Иван молча, сердито сдвинув брови, смутно понимая, что делает нехорошо, и все больше и больше сердясь, принял этот стакан и сразу, не отрываясь, выпил весь до дна.
— Вот и отлично, — воскликнул учитель, — итти домой веселее! Еще не хочешь ли?
— Спасибо! — едва переводя дух, вымолвил Иван. — Много довольны… гостей угощай… спасибо, уважил!
— Да ты никак сердишься, а? Чудак, не могу же я тебя к ним пригласить!.. Обидятся… скажут: ‘Вот привел’!..

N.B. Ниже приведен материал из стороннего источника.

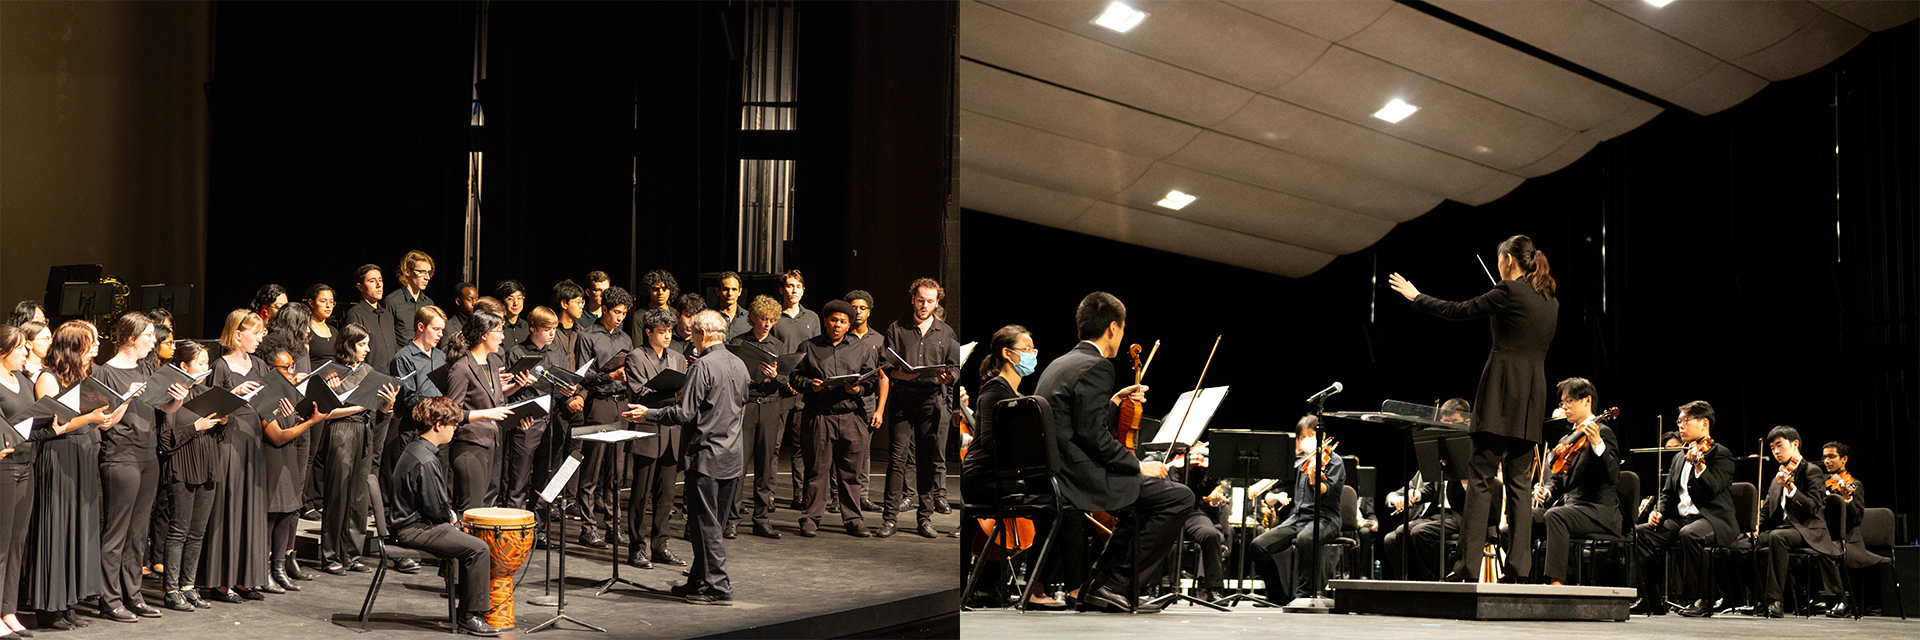 Diptych featuring Georgia Tech choirs and Symphony Orchestra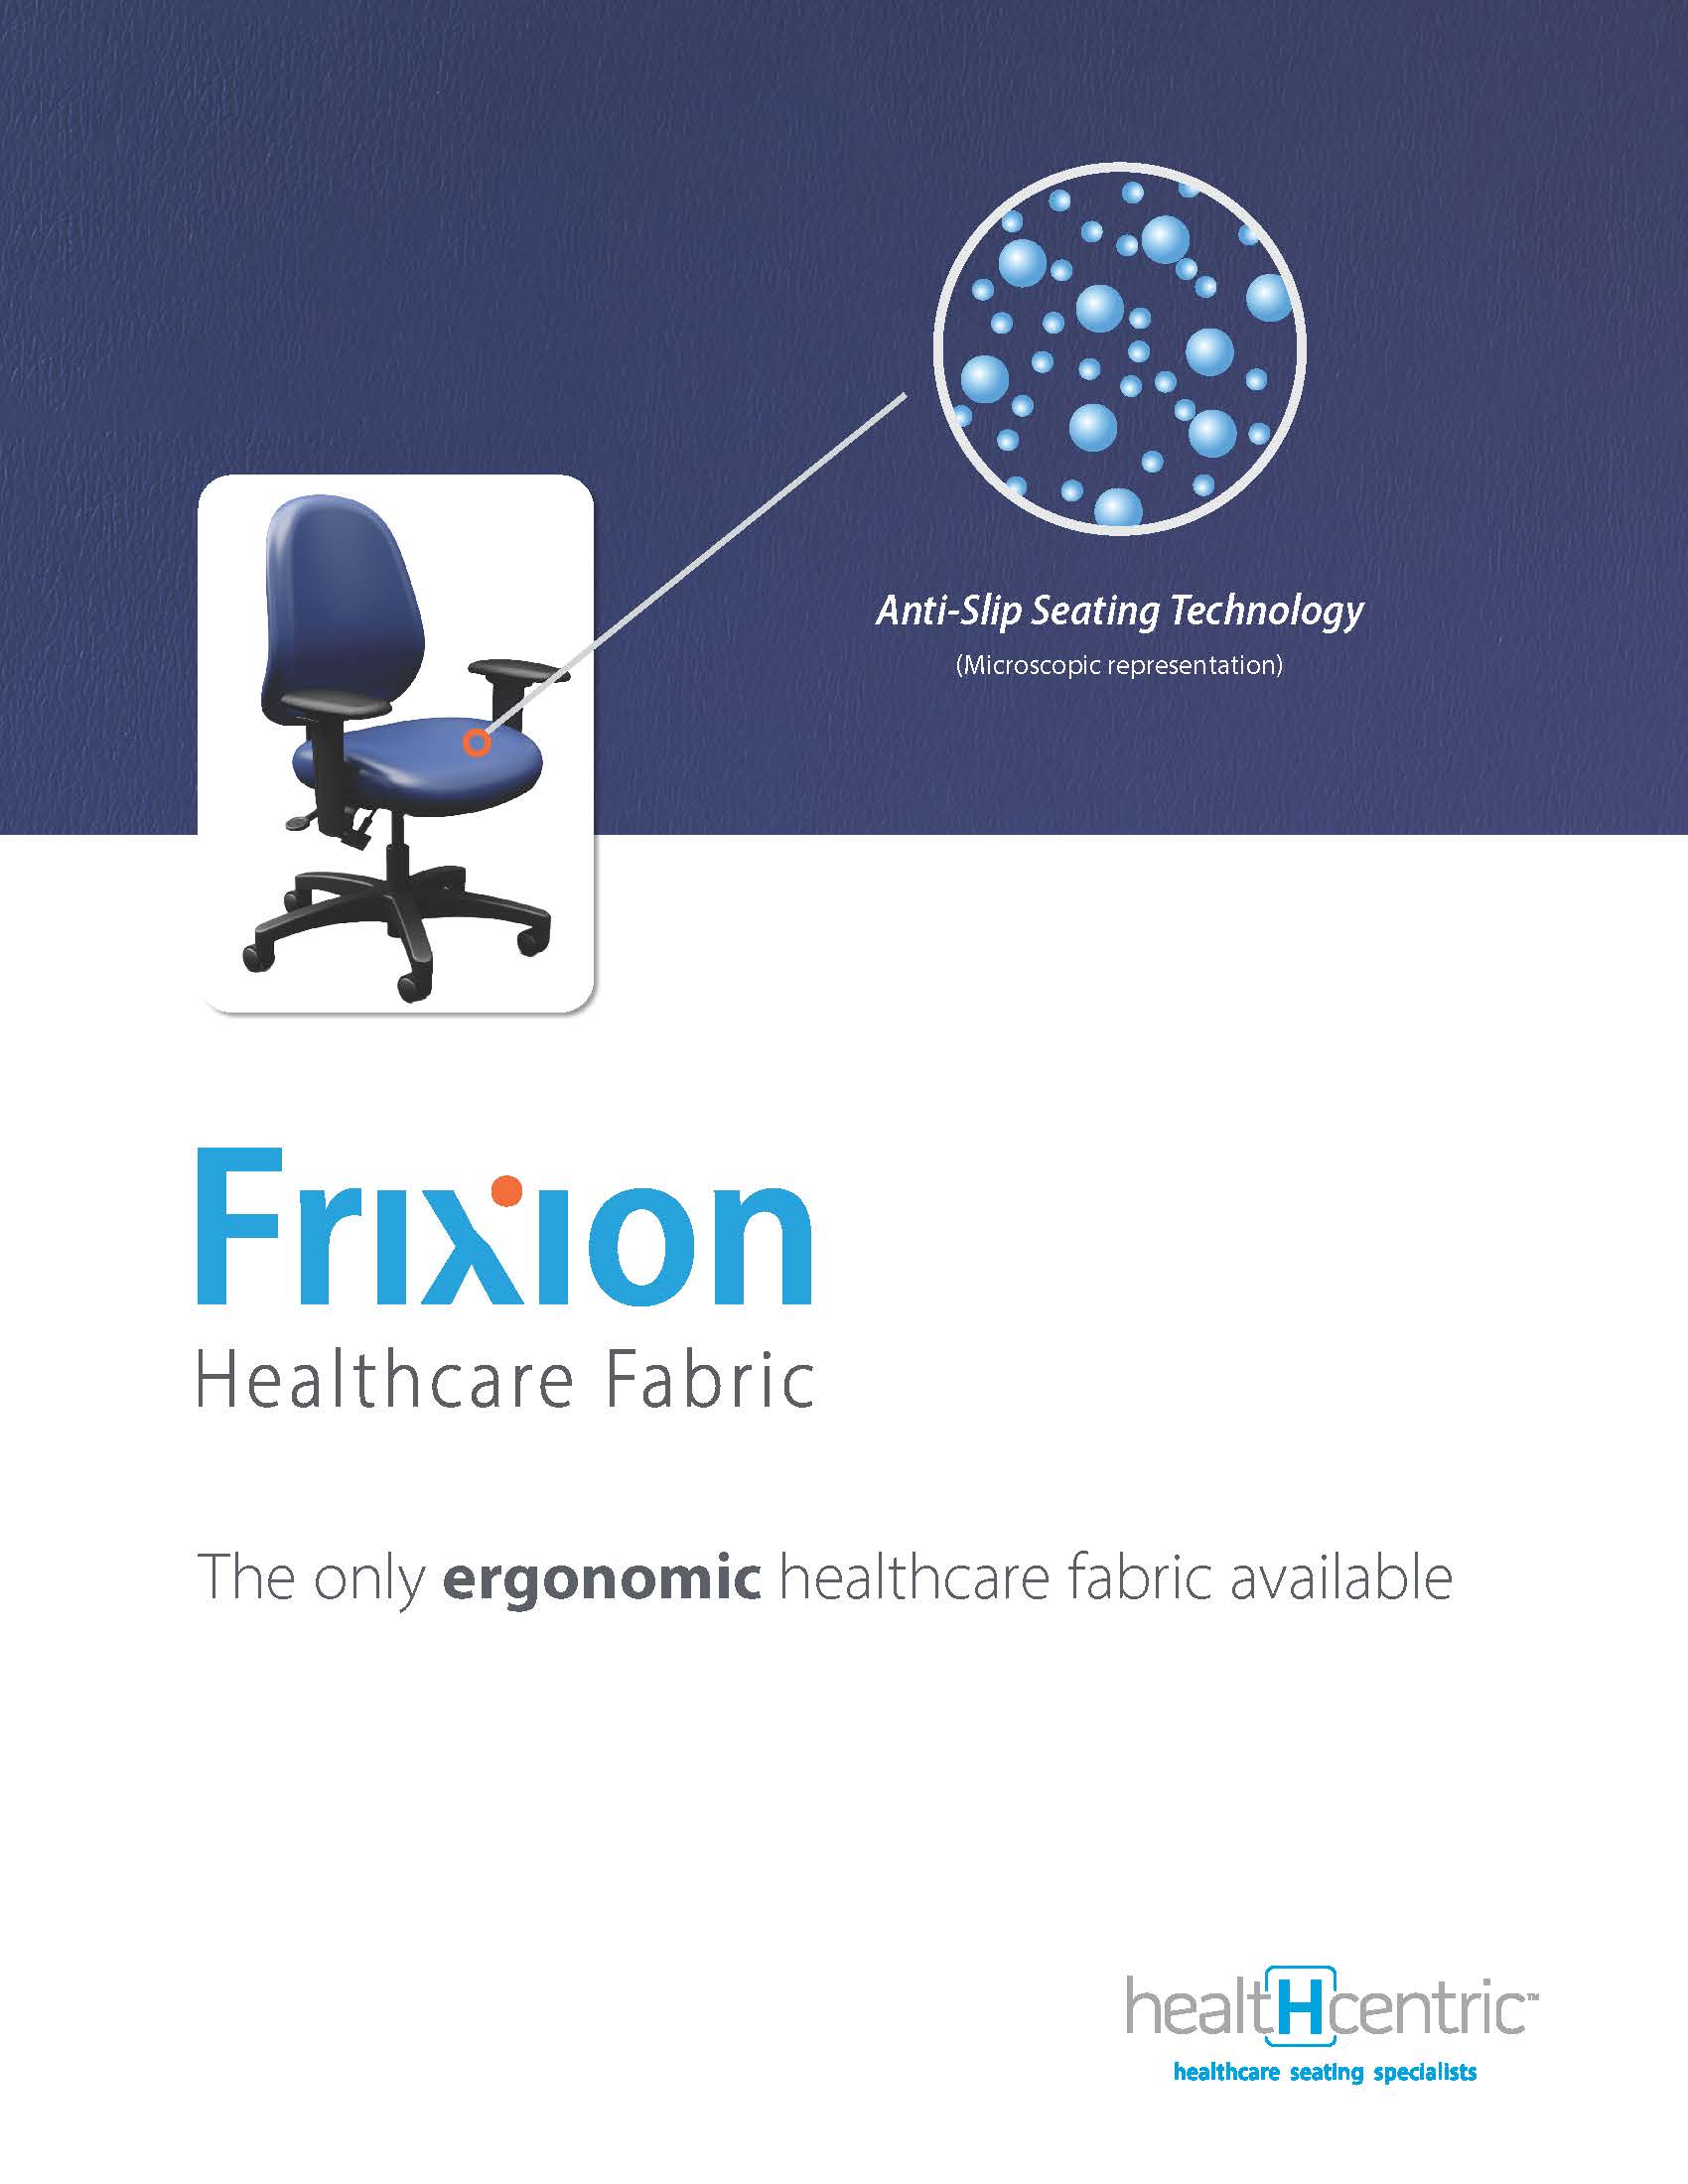 Frixion Healthcare Fabric

— Где уж нам! — как-то сразу опьянев, ответил Иван,— где уж!.. Вы — господа, а мы — сволочь… Гм! А ко мне вон, небось, придешь, у порога не подношу, за стол сажаю!
— Да будет тебе! Хошь, еще поднесу — и ступай с богом.
— Чего ему подносить-то? — вступилась в разговор работница.— Будет с него… подали баранку — ступай вон!.. Поднесешь ему, а он нажрется, будет здесь валяться, как падаль какая… блявать начнет, а я подчищай за каждым чортом. Видали мы эту падаль-то…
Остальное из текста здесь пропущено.